Brief: Having located "Phycodurus comic book cover", write out its line and the remaining lines of the material exactly, the last one included, but not the pictures.

Given information:
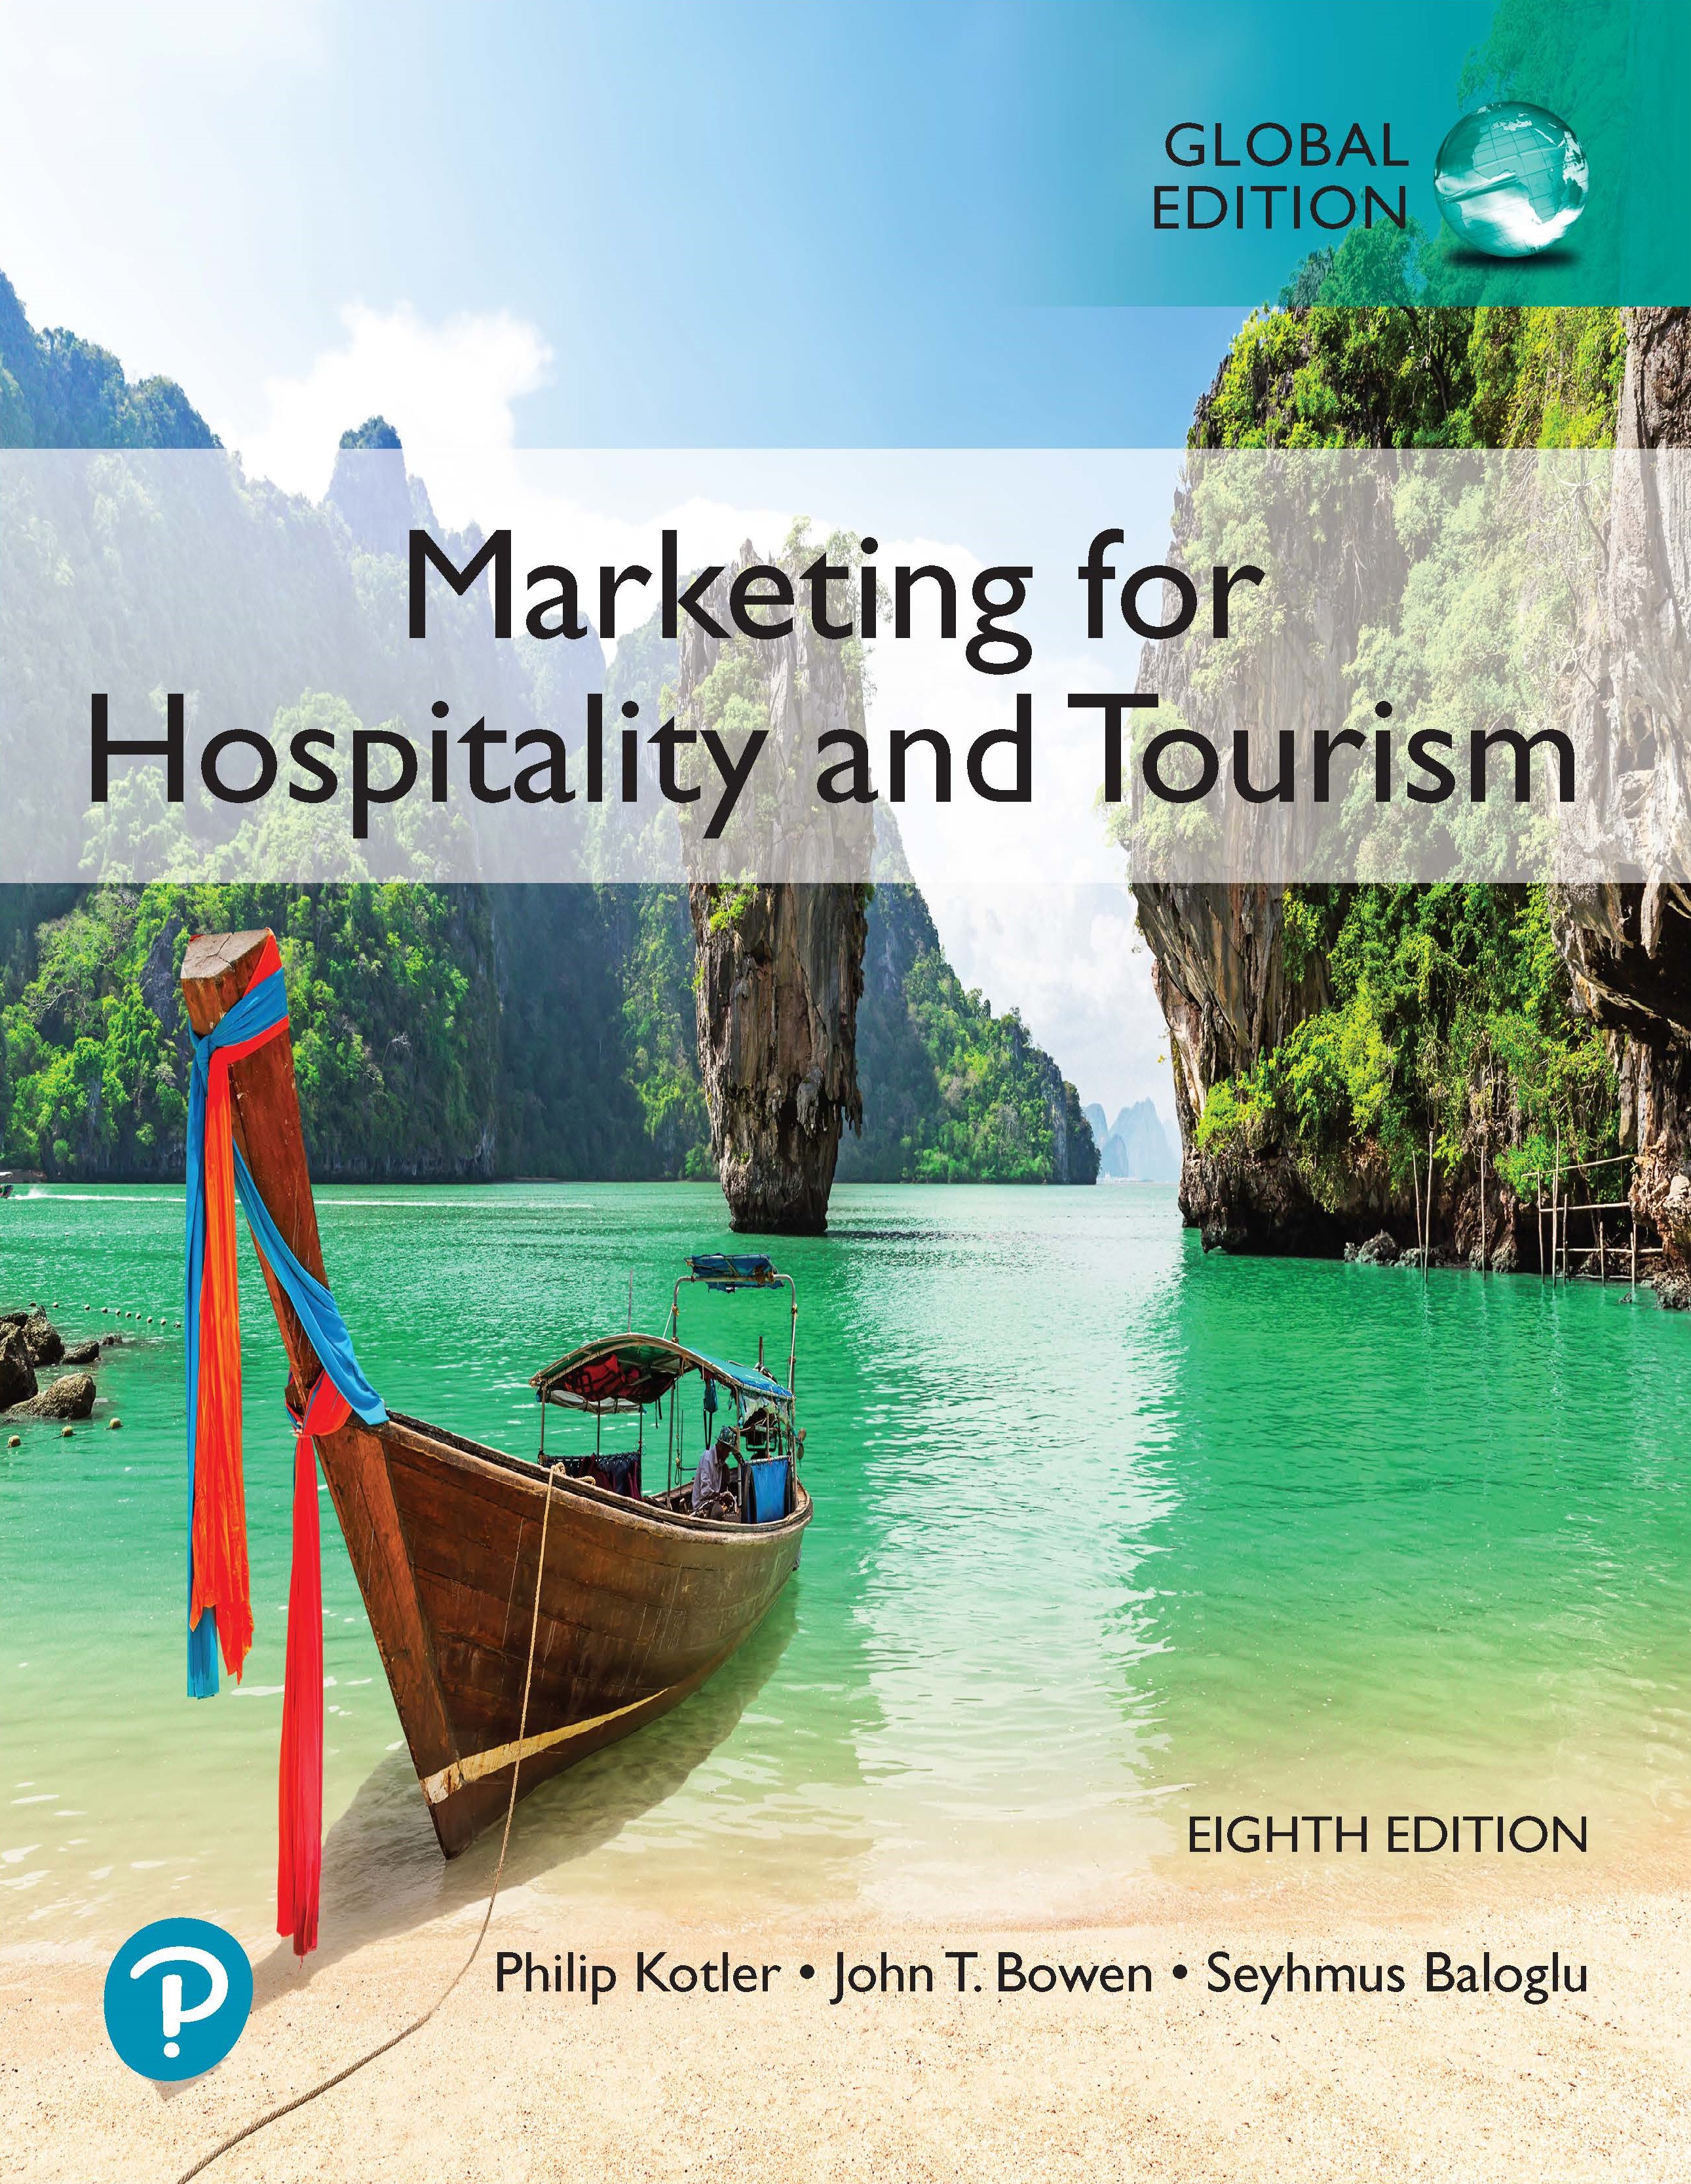 <img alt="Marketing for Hospitality and Tourism, 8th Edition, Philip Kotler, John T. Bowen, Seyhmus Baloglu"
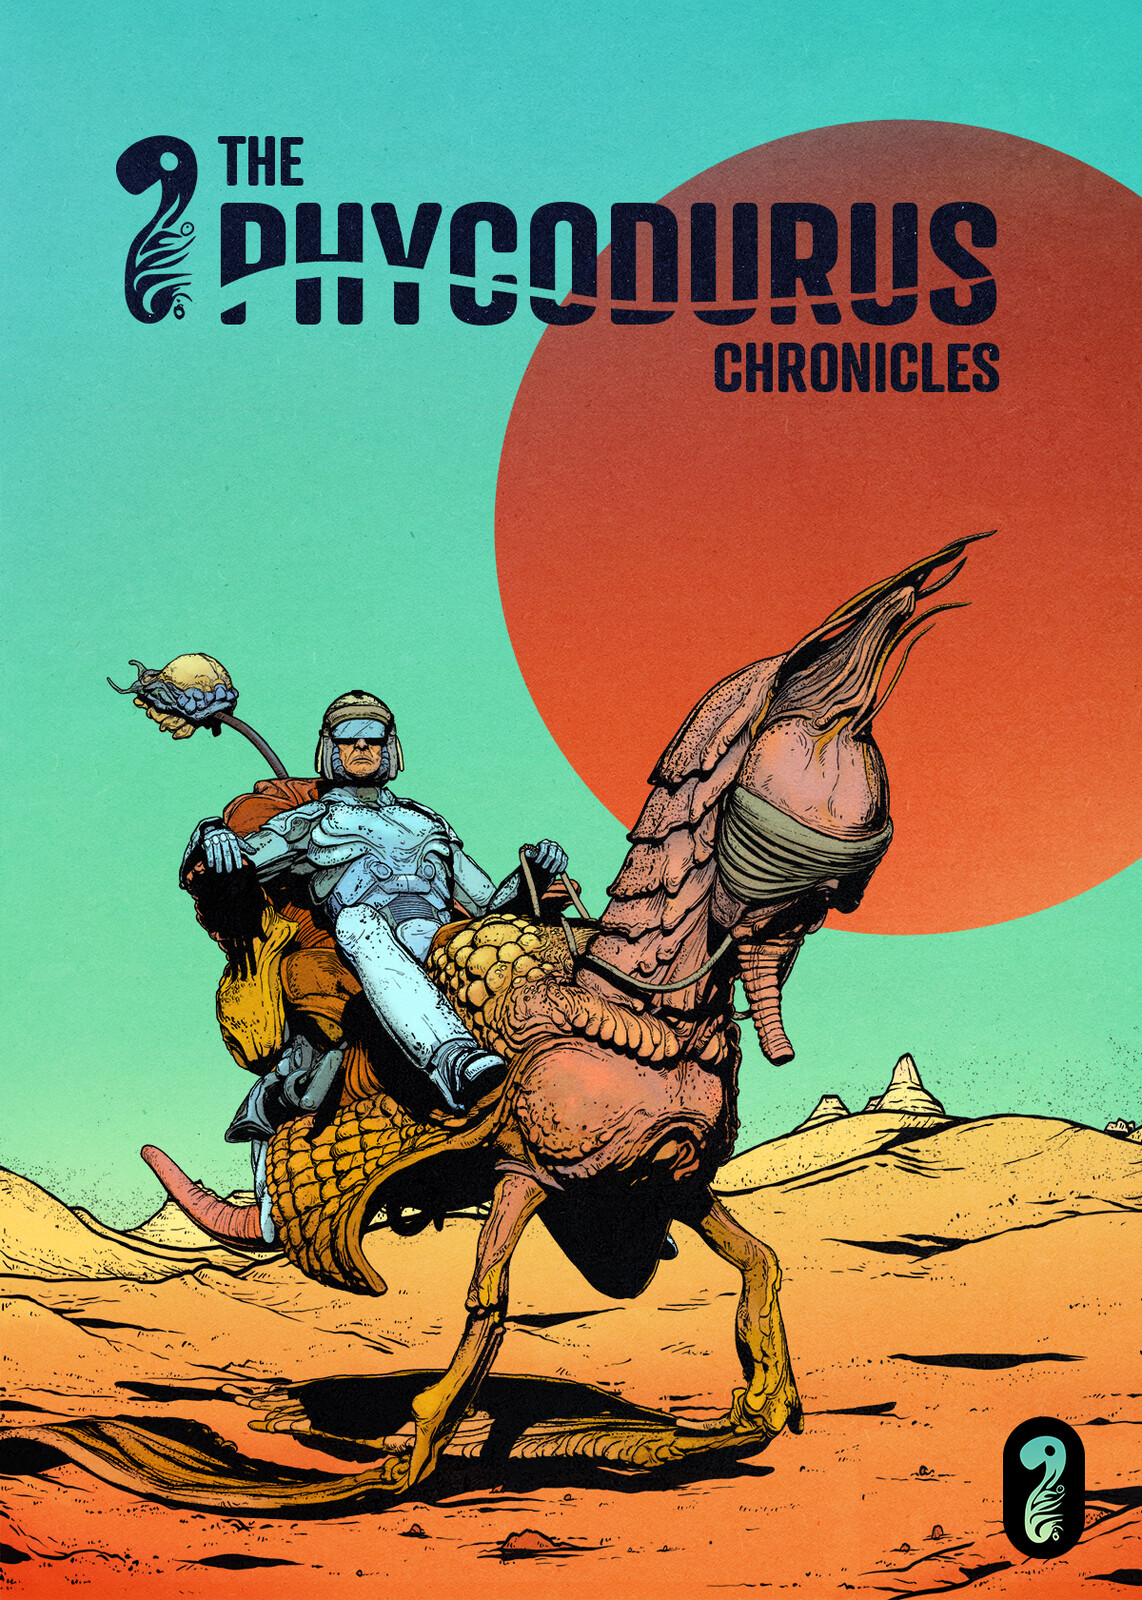 Phycodurus comic book cover
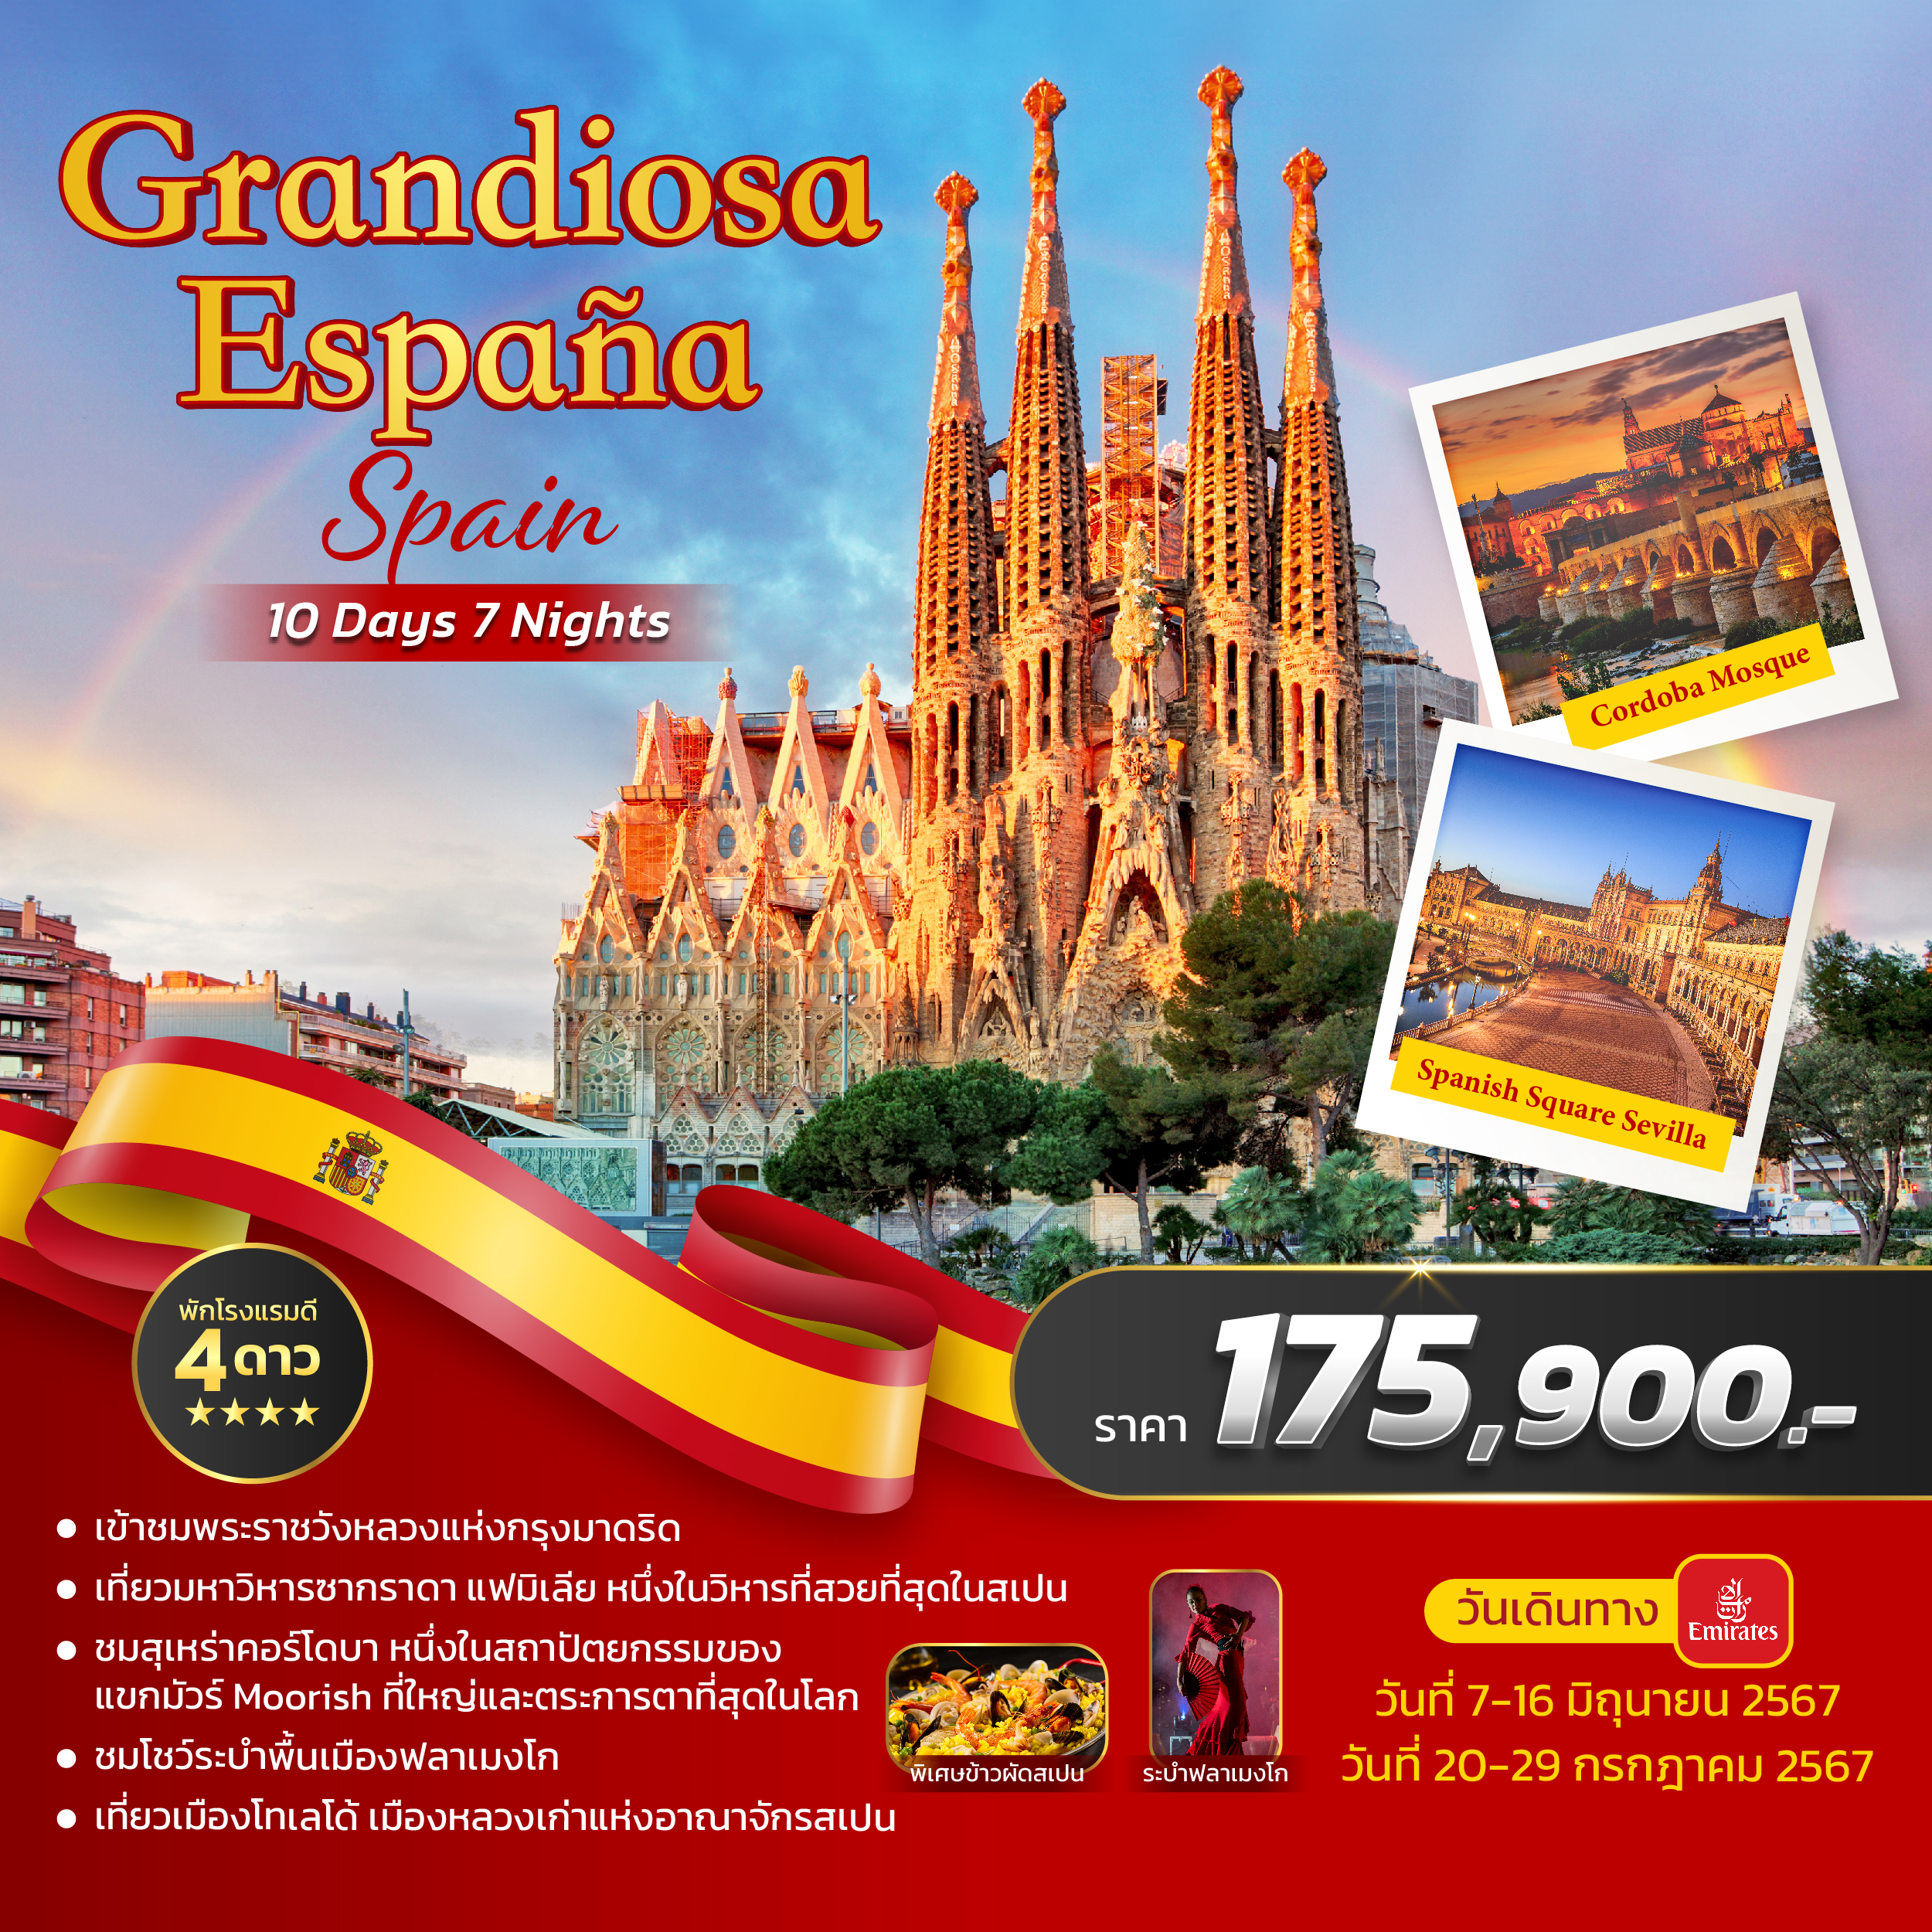 GRANDIOSA ESPAÑA SPAIN 10 วัน 7 คืน by Emirates

Task solution:
 Phycodurus comic book cover
 GRANDIOSA ESPAÑA SPAIN 10 วัน 7 คืน by Emirates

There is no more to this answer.